In England, Wales, Ireland, and Britain's American colonies, there were two calendar changes, both in 1752. The first of these was to adjust the start of a new year from 25 March (Lady Day, the Feast of the Annunciation) to 1 January, a change which Scotland had already made in 1600. The second discarded the Julian calendar in favour of the Gregorian calendar, skipping 11 days in the calendar for September 1752 to do so.
For countries such as Russia where no start-of-year adjustment took place, O.S. and N.S. simply indicate the Julian and Gregorian dating systems respectively.
Differences between Julian and Gregorian dates
The need to correct the calendar arose from the realisation that the correct figure for the number of days in a year is not 365.25 (365 days 6 hours) as assumed by the Julian calendar but slightly less (c. 365.242 days). The Julian calendar therefore has too many leap years. The consequence was that the basis for the calculation of the date of Easter, as decided in the 4th century, had drifted from reality. The Gregorian calendar reform also dealt with the accumulated difference between these figures, between the years 325 and 1582, by skipping 10 days to set the ecclesiastical date of the equinox to be 21 March, the median date of its occurrence at the time of the First Council of Nicea in 325.
Countries that adopted the Gregorian calendar after 1699 needed to skip an additional day for each subsequent new century that the Julian calendar had added since then. When the British Empire did so in 1752, the gap had grown to eleven days; when Russia did so (as its civil calendar) in 1918, thirteen days needed to be skipped.

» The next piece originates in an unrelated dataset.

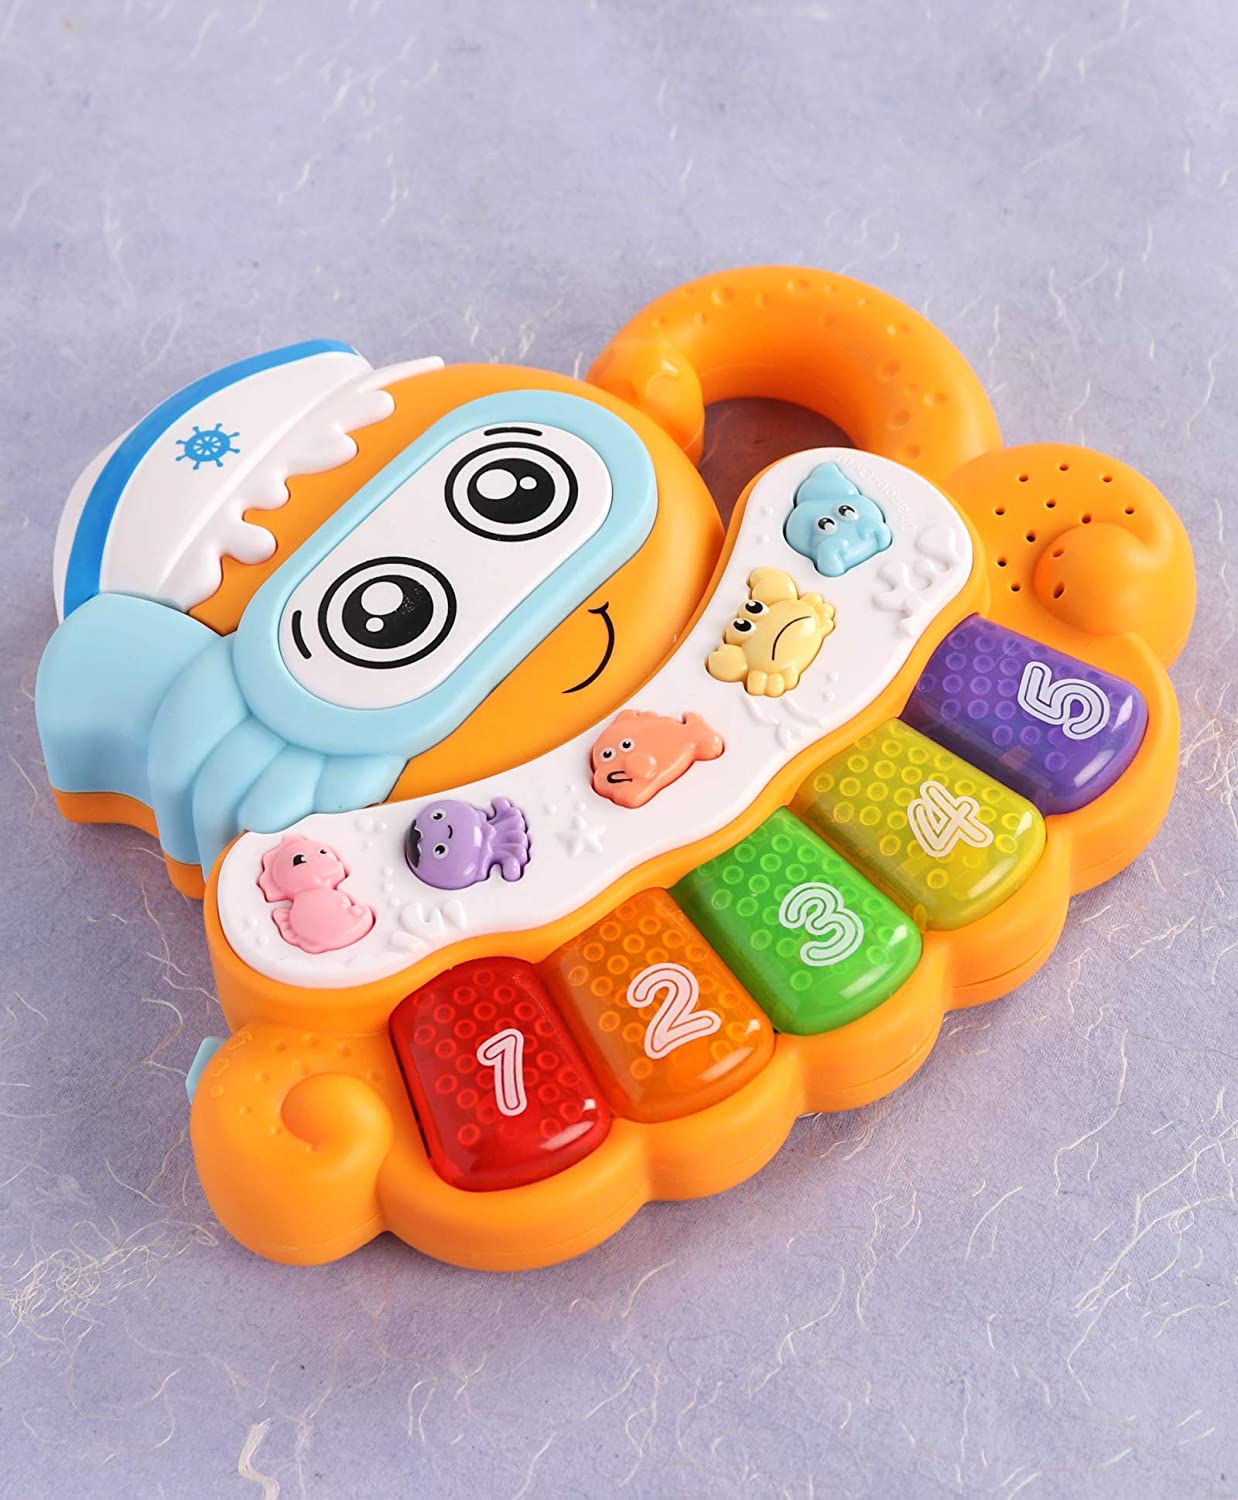 Multi-Function Octopus Piano Toy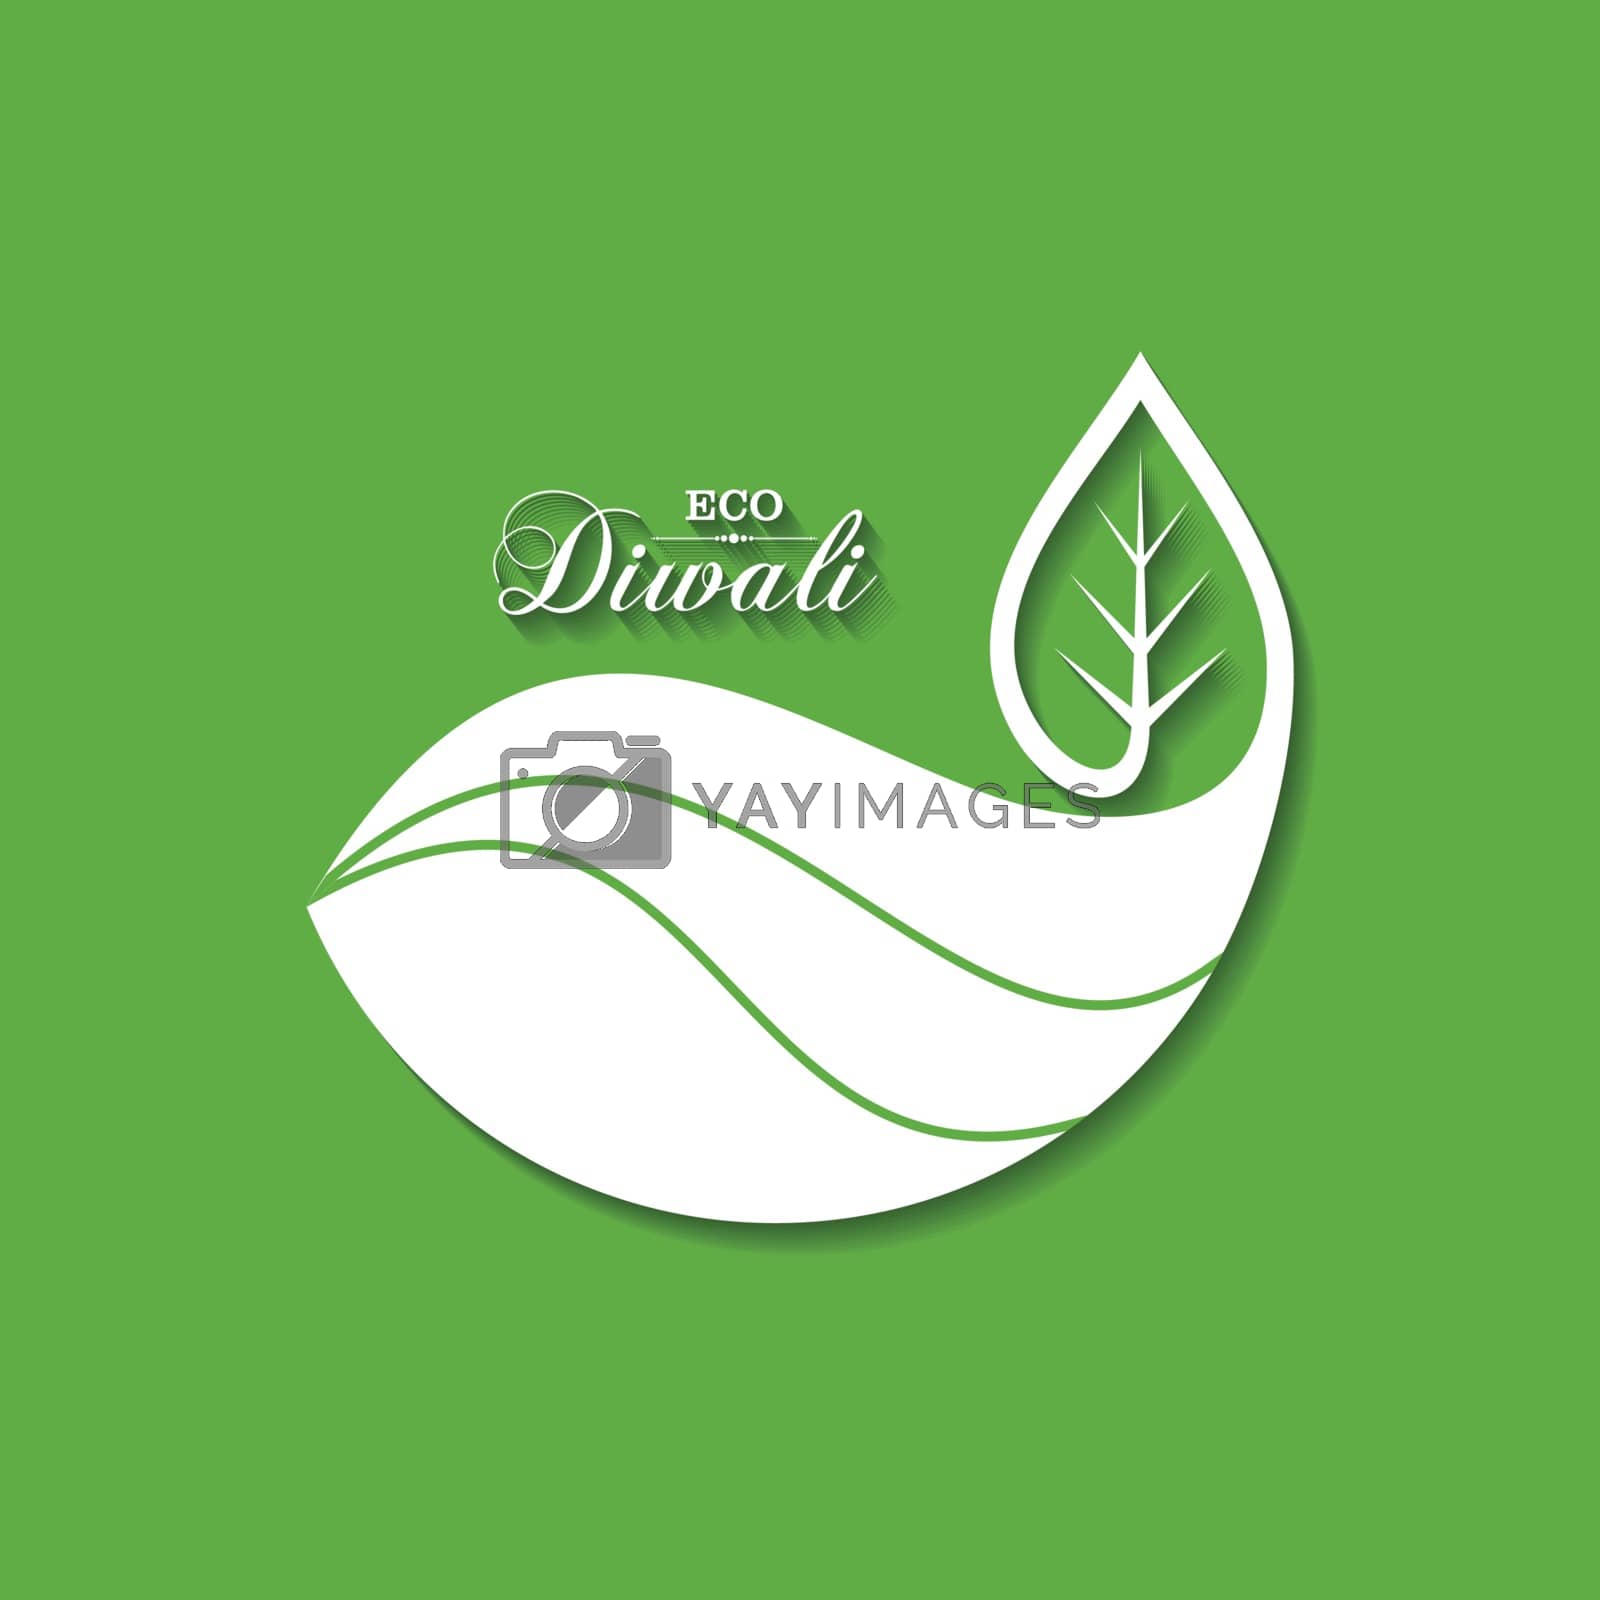 Royalty free image of Greeting for celebrate green diwali concept by graphicsdunia4you

Britain and its colonies or possessions
In the Kingdom of Great Britain and its possessions, the Calendar (New Style) Act 1750 (24 Geo. 2. c. 23) introduced two concurrent changes to the calendar. The first, which applied to England, Wales, Ireland and the British colonies, changed the start of the year from 25 March to 1 January, with effect from "the day after 31 December 1751". (Scotland had already made this aspect of the changes, with effect from 1 January 1600.) The second (in effect) adopted the Gregorian calendar in place of the Julian calendar. Thus "New Style" can refer to the start-of-year adjustment, to the adoption of the Gregorian calendar, or to the combination of the two. It was through their use in the 1750 act that the terms and notations "Old Style" and "New Style" came into common usage.